A Practical Technical Mindset
You don’t need to think like a developer to start automation – but adopting a few principles early will save you frustration later.
Prioritize readability over cleverness.
Your tests should be easy to understand, even if they’re not elegant. Anyone, your future self included, should be able to quickly see what the test does, what it verifies, why it failed. If you can tick these boxes, you’re on the right track.
Accept that your first solutions won’t scale.
And that’s fine. Trying to build something “future-proof” too early often leads to: unnecessary complexity, harder debugging and slower progress.
Your first automation work is not your final system. It’s your learning ground.
Be careful with flaky tests
There are a few things that damage trust in automation faster than unreliable tests, and those are when a test: fails randomly, depends on unstable data, or breaks for unclear reasons.
It’s better to have fewer reliable tests than many questionable ones.
Common Mistakes That Slow You Down
Most QAs don’t struggle because automation is too difficult.
They struggle because they unknowingly take paths that make it harder than it needs to be.
Waiting to “learn enough”
You can spend months watching tutorials and still feel unprepared.

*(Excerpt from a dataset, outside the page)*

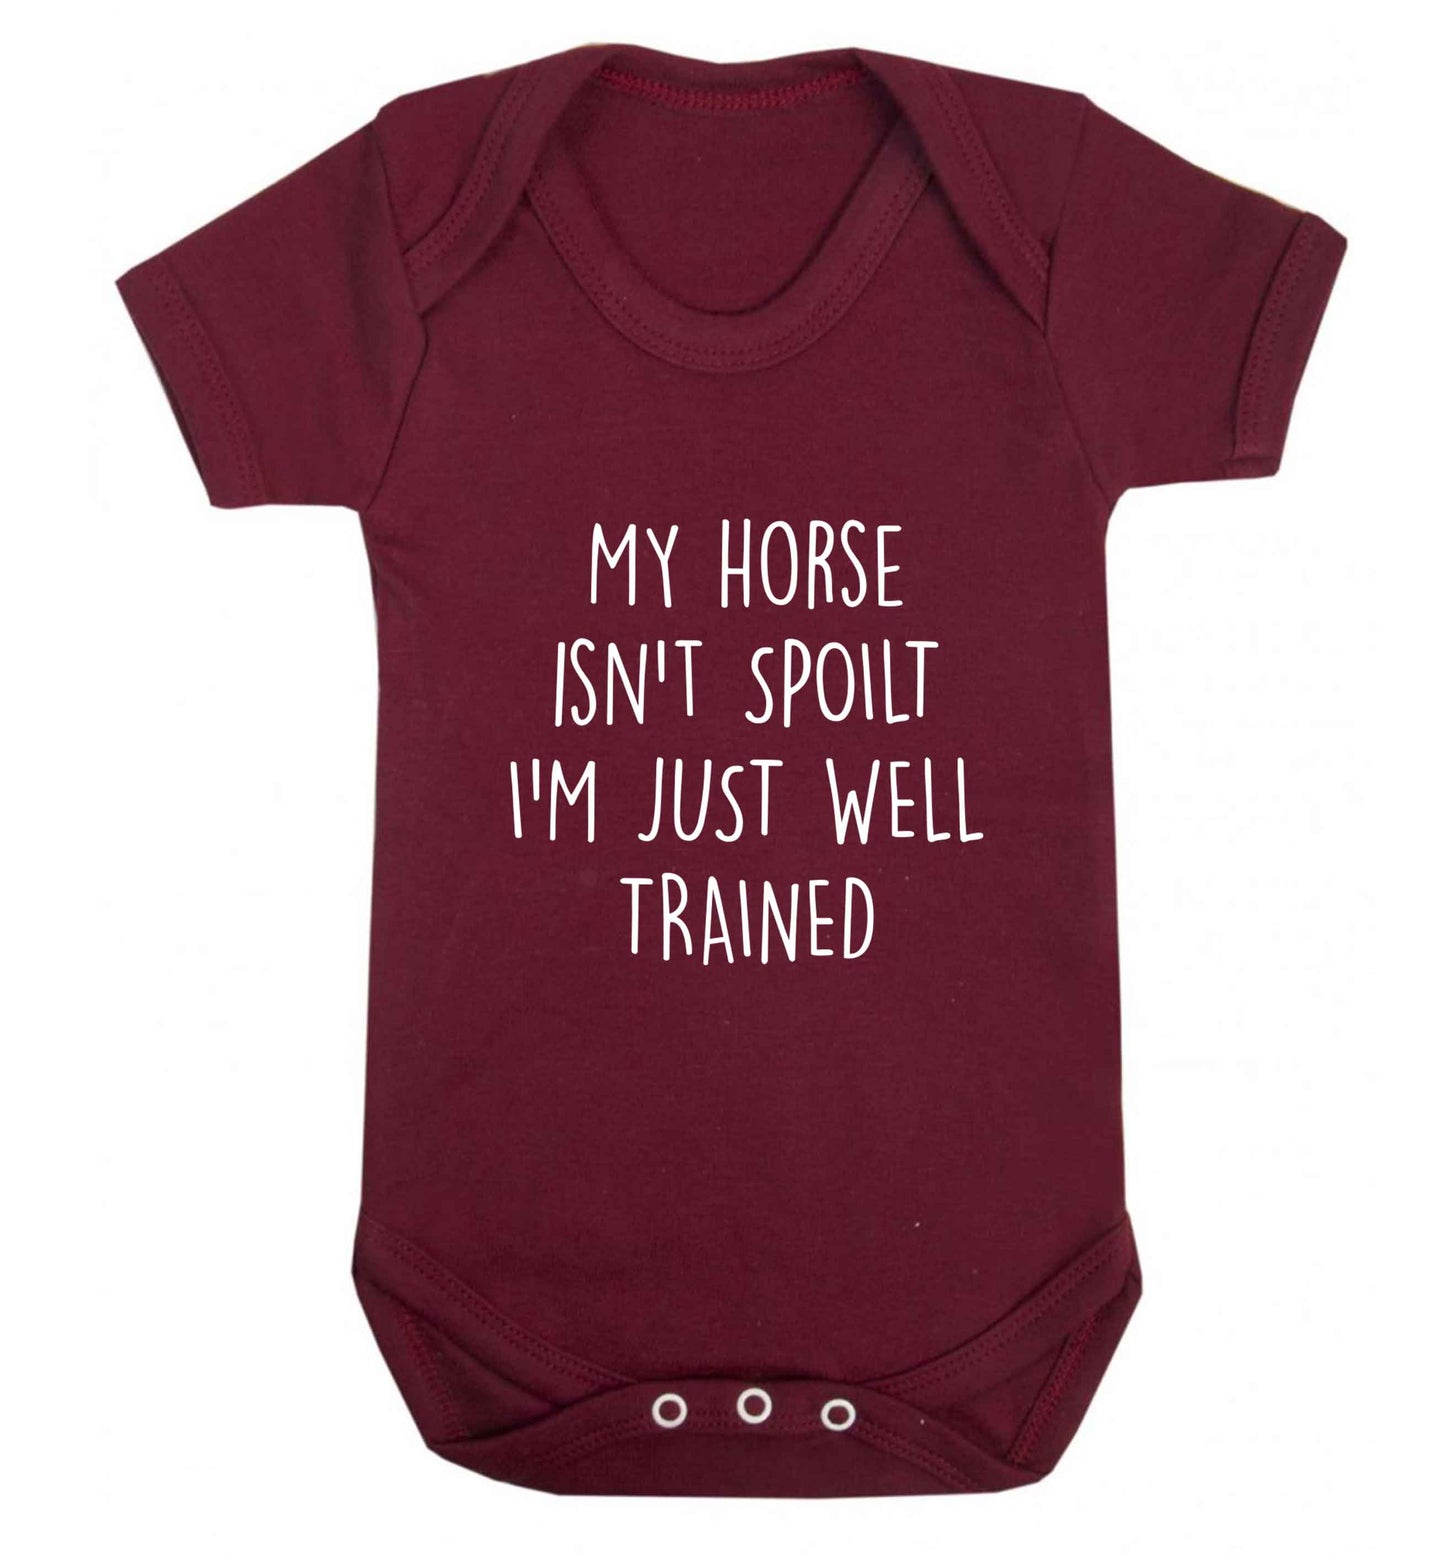 My horse isn't spoilt I'm just well trained baby vest maroon 18-24 months

And you’ll experience this feeling throughout your career – the more you learn on a topic, tool, programming language, the more you realize that it’s just the tip of the iceberg, and that’s fine.
Automation is learned by doing, not by preparing endlessly. So make sure that you also practice what you’re learning.

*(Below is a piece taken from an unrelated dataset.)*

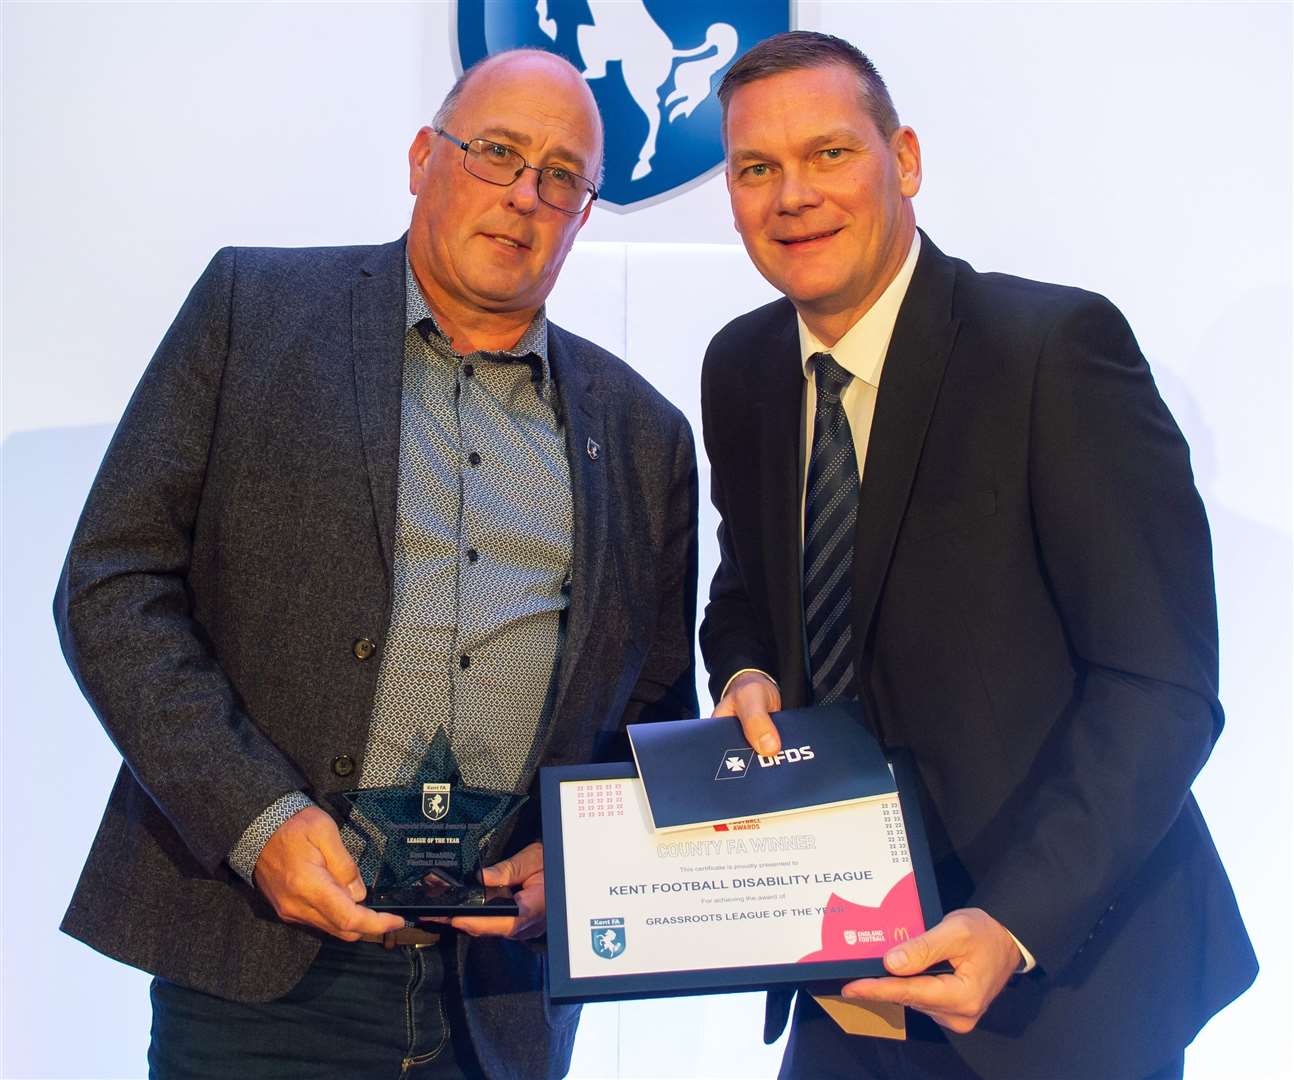 Kent Disability Football League, Grassroots League of the Year. Picture: Kent FA

Copy-pasting without understanding
It’s tempting to reuse frameworks or snippets from others, or use AI tools to write the code for you.
But if something breaks and you don’t understand why, you’re stuck or even worse, you can make your framework vulnerable from a security point of view.
Use external resources – but treat them as learning tools, not shortcuts.
Automating the wrong things
Not everything should be automated. Avoid automating test cases designed for highly unstable features, tests that change frequently or edge cases with little long-term value.
Start with tests that are stable, repeatable, meaningful. Your regression suite is a good starting point to look for candidates.
Measuring the wrong success
More tests ≠ better automation. A few well-chosen tests that catch real issues are far more valuable than a large suite nobody trusts.
What Success Looks Like in QA Automation
There’s a subtle but important shift that needs to happen.
Automation is often seen as a role upgrade – “I want to become an automation QA”, but a more useful perspective is – “I want to become a QA who solves problems more effectively”.
Automation is just one of the tools that helps you do that.
Success is not represented by building a perfect framework, knowing every tool or writing hundreds of tests.
Success looks like: reducing repetitive work, increasing confidence in releases, freeing up time for in-depth testing. And, over time, making your work more sustainable.
Closing Thoughts
There’s rarely a clear moment when you feel fully ready to start something new.
Automation is no different.
The moment usually looks like:
- a test you’ve run too many times.
- a task that feels unnecessarily repetitive.
- a small frustration you’ve learned to tolerate.
That’s your signal.
You don’t need a perfect plan.
You don’t need full confidence.
You just need to start small – and accept that figuring things out is part of the job.
The best time to start automating was when the repetition began.